Light Up the Shadows: Enhance Long-Tailed Entity Grounding with Concept-Guided Vision-Language Models
Yikai Zhang, Qianyu He, Xintao Wang, Siyu Yuan, Jiaqing Liang, Yanghua Xiao
TL;DR
This work tackles the challenge of grounding long-tailed entities in Multi-Modal Knowledge Graphs by introducing COG, a two-stage framework that guides vision-language models with concepts. By integrating Concept Integration and Evidence Fusion, COG leverages contrastive learning at both entity and concept levels and provides interpretable evidence to support human verification, achieving improved grounding accuracy across multiple PVLM backbones. A 25k image-text dataset of long-tailed entities demonstrates the method’s effectiveness and explainability, with results showing robust gains over traditional grounding approaches.

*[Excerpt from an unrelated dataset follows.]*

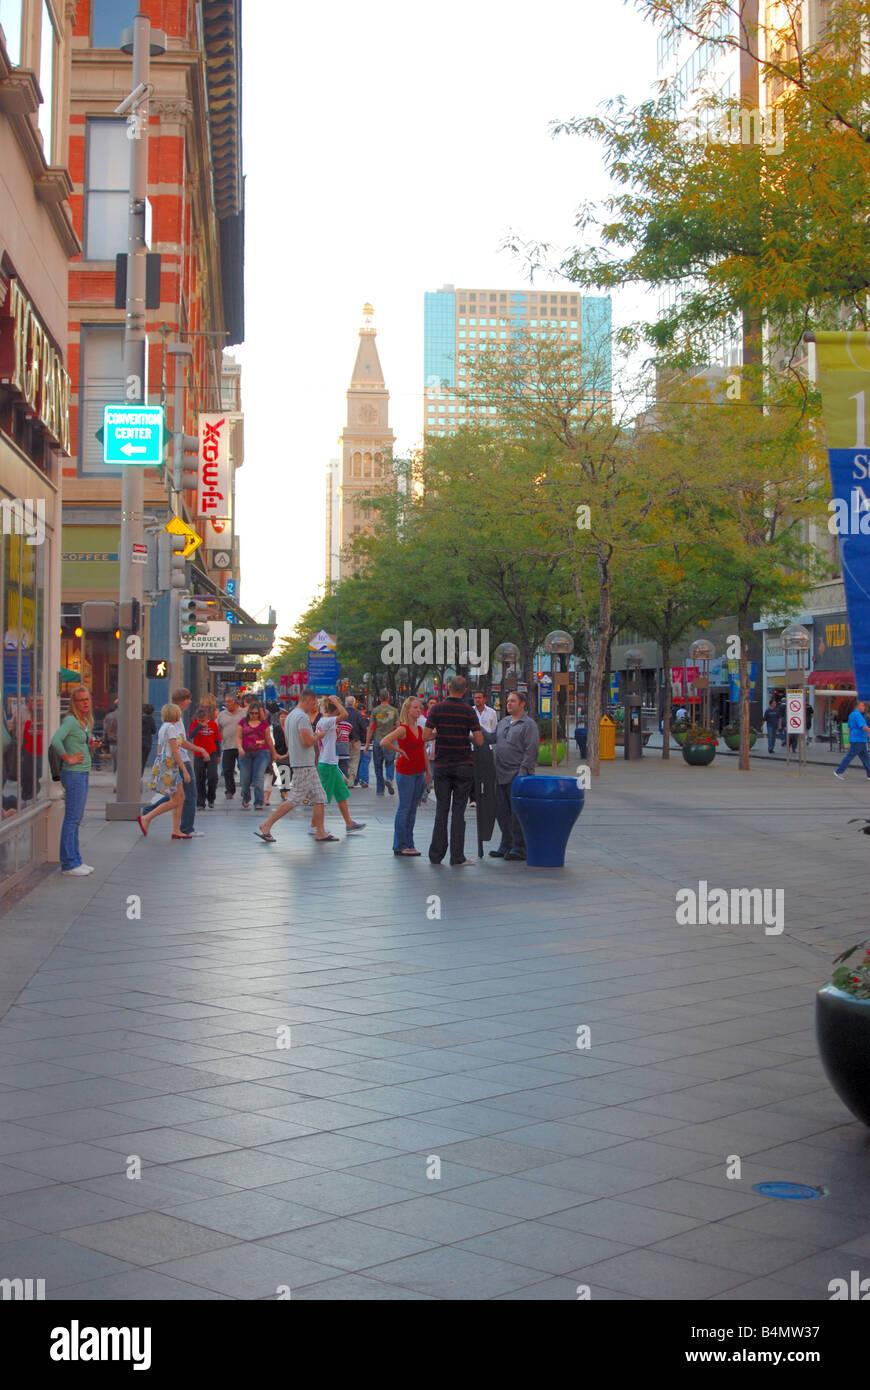 Busy street scene in a major american city - Stock Image

The approach is model-pluggable and emphasizes practical utility for quality control in MMKG construction and downstream tasks.
Abstract
Multi-Modal Knowledge Graphs (MMKGs) have proven valuable for various downstream tasks. However, scaling them up is challenging because building large-scale MMKGs often introduces mismatched images (i.e., noise). Most entities in KGs belong to the long tail, meaning there are few images of them available online. This scarcity makes it difficult to determine whether a found image matches the entity. To address this, we draw on the Triangle of Reference Theory and suggest enhancing vision-language models with concept guidance. Specifically, we introduce COG, a two-stage framework with COncept-Guided vision-language models. The framework comprises a Concept Integration module, which effectively identifies image-text pairs of long-tailed entities, and an Evidence Fusion module, which offers explainability and enables human verification. To demonstrate the effectiveness of COG, we create a dataset of 25k image-text pairs of long-tailed entities. Our comprehensive experiments show that COG not only improves the accuracy of recognizing long-tailed image-text pairs compared to baselines but also offers flexibility and explainability.